For the material below, return exactly the lines starting at the one holding "MSSLED focus on" and ending at the one holding "flooding. Stock Photo", counting both as part of the range.

-- Provided data --

- - - - -

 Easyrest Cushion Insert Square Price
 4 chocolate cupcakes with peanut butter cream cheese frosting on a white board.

- - - - -

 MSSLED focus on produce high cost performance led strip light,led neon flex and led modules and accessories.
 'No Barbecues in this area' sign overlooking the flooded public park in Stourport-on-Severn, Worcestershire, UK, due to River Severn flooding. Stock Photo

- - - - -

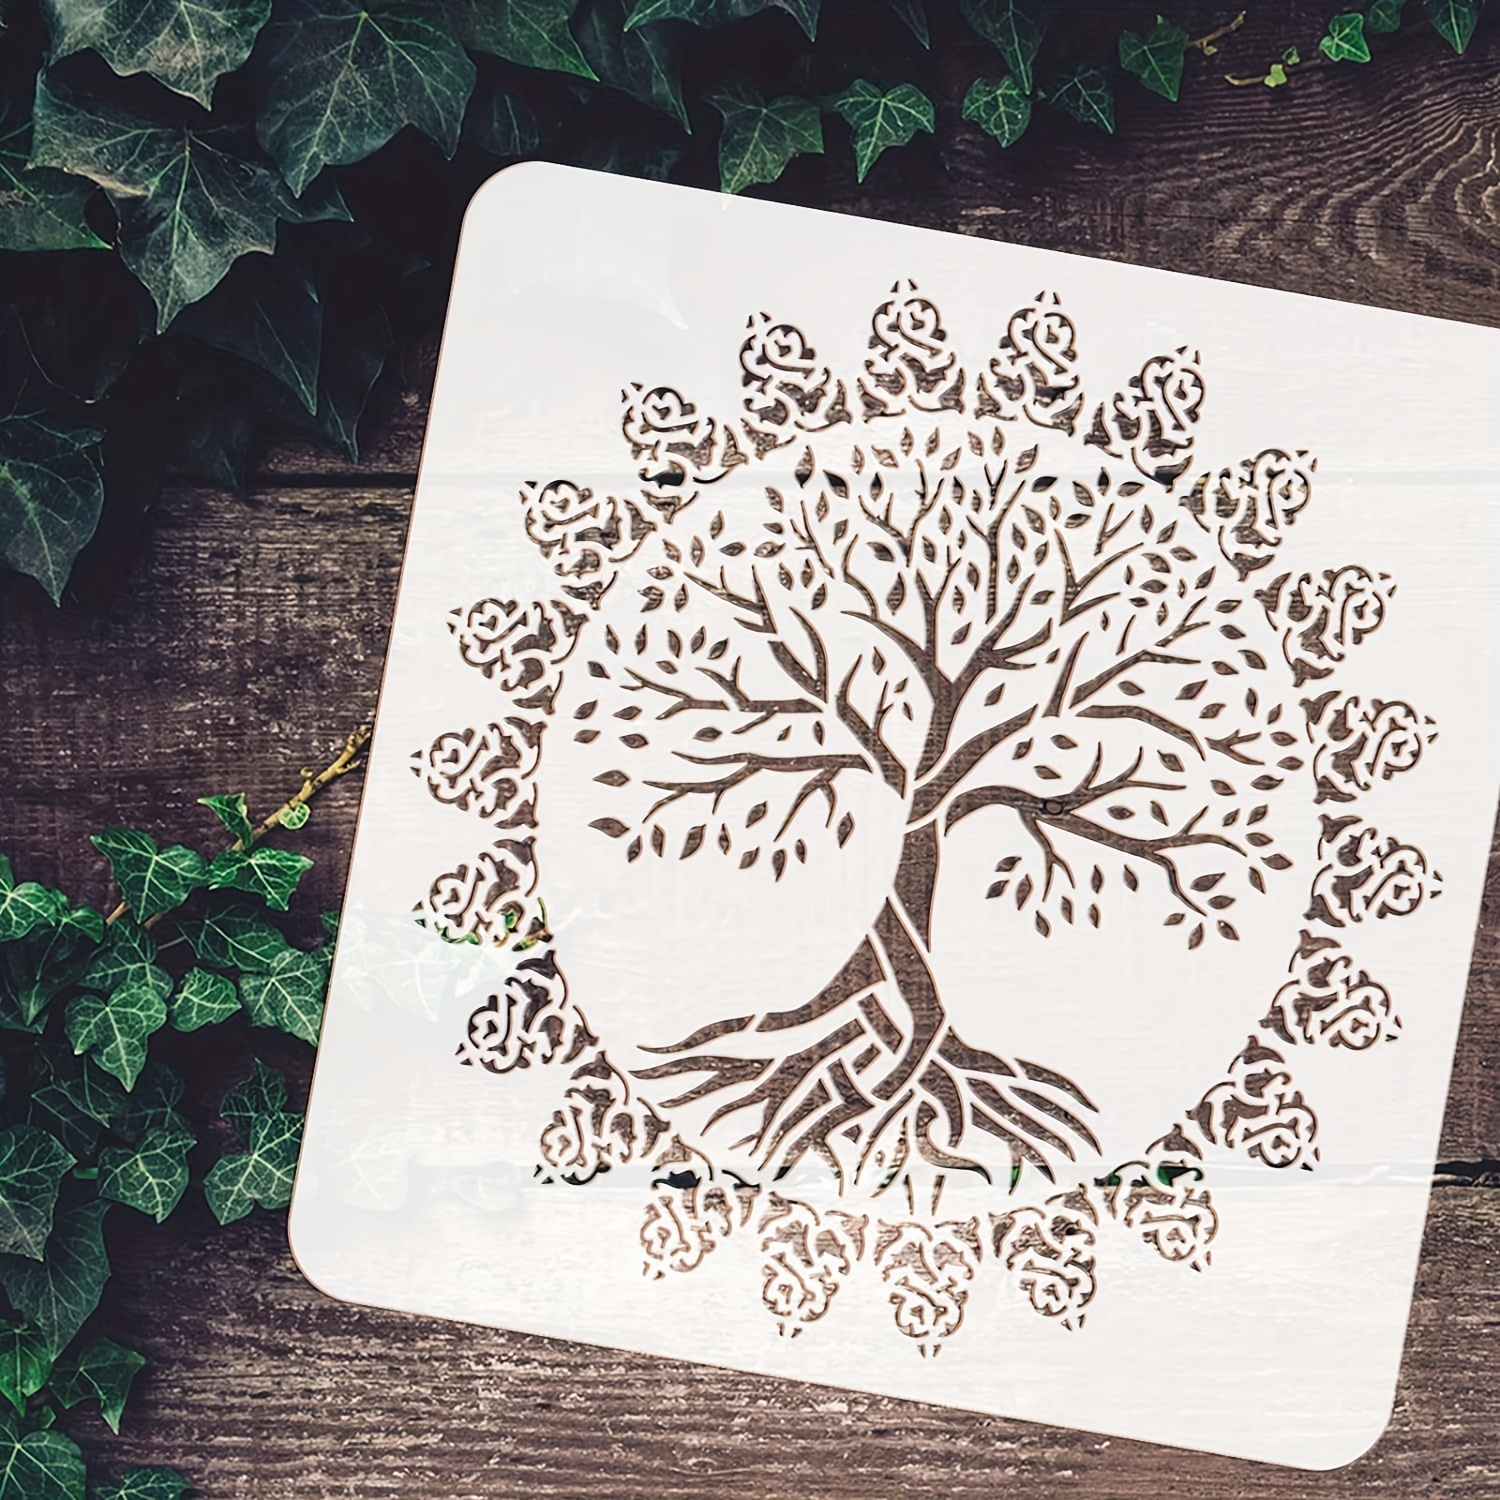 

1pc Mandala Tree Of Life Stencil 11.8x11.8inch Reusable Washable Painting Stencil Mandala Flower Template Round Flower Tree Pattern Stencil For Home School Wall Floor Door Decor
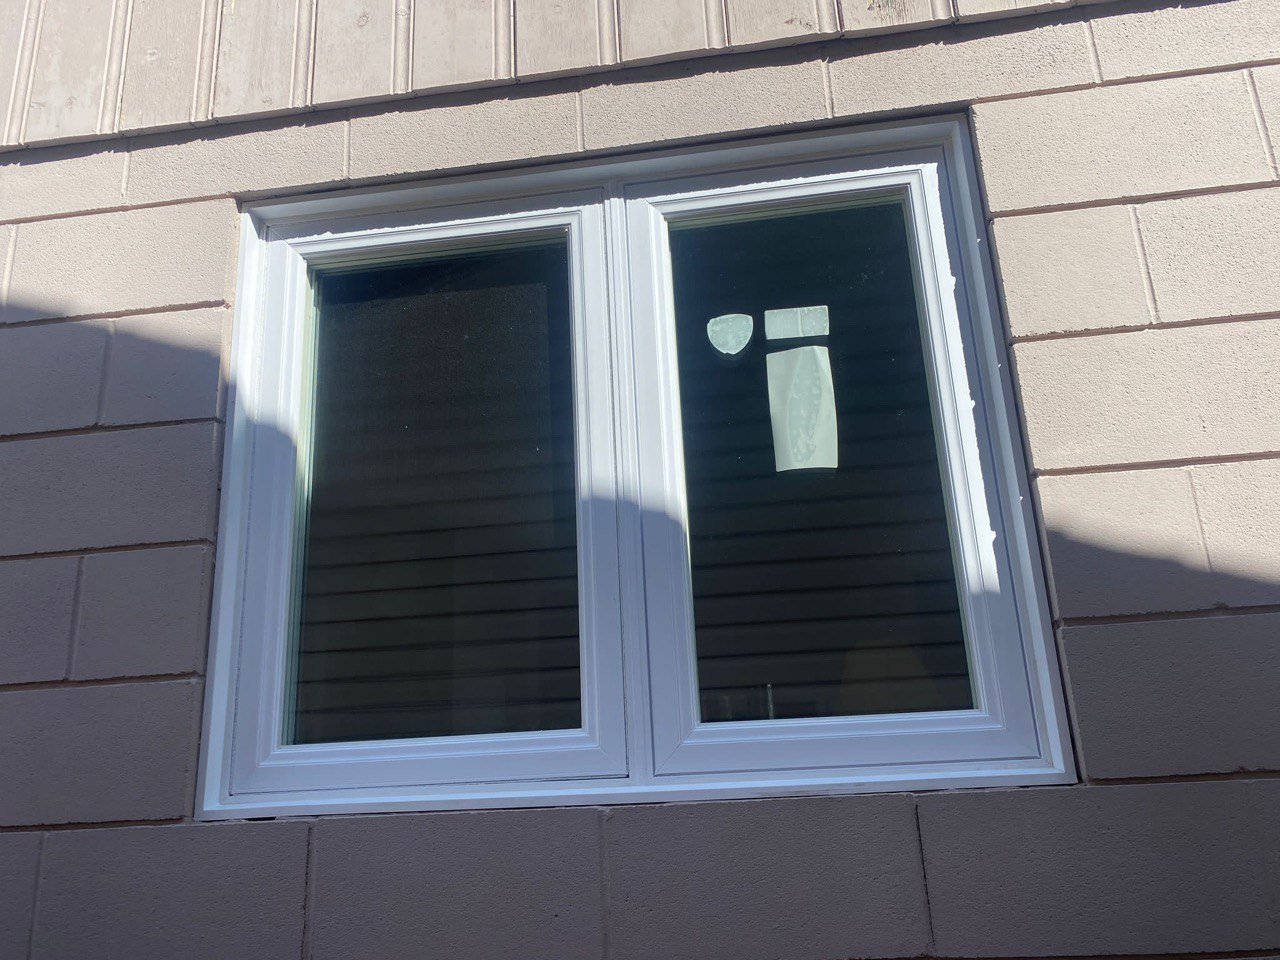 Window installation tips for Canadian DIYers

- - - - -

-- Exercise output --
 MSSLED focus on produce high cost performance led strip light,led neon flex and led modules and accessories.
 'No Barbecues in this area' sign overlooking the flooded public park in Stourport-on-Severn, Worcestershire, UK, due to River Severn flooding. Stock Photo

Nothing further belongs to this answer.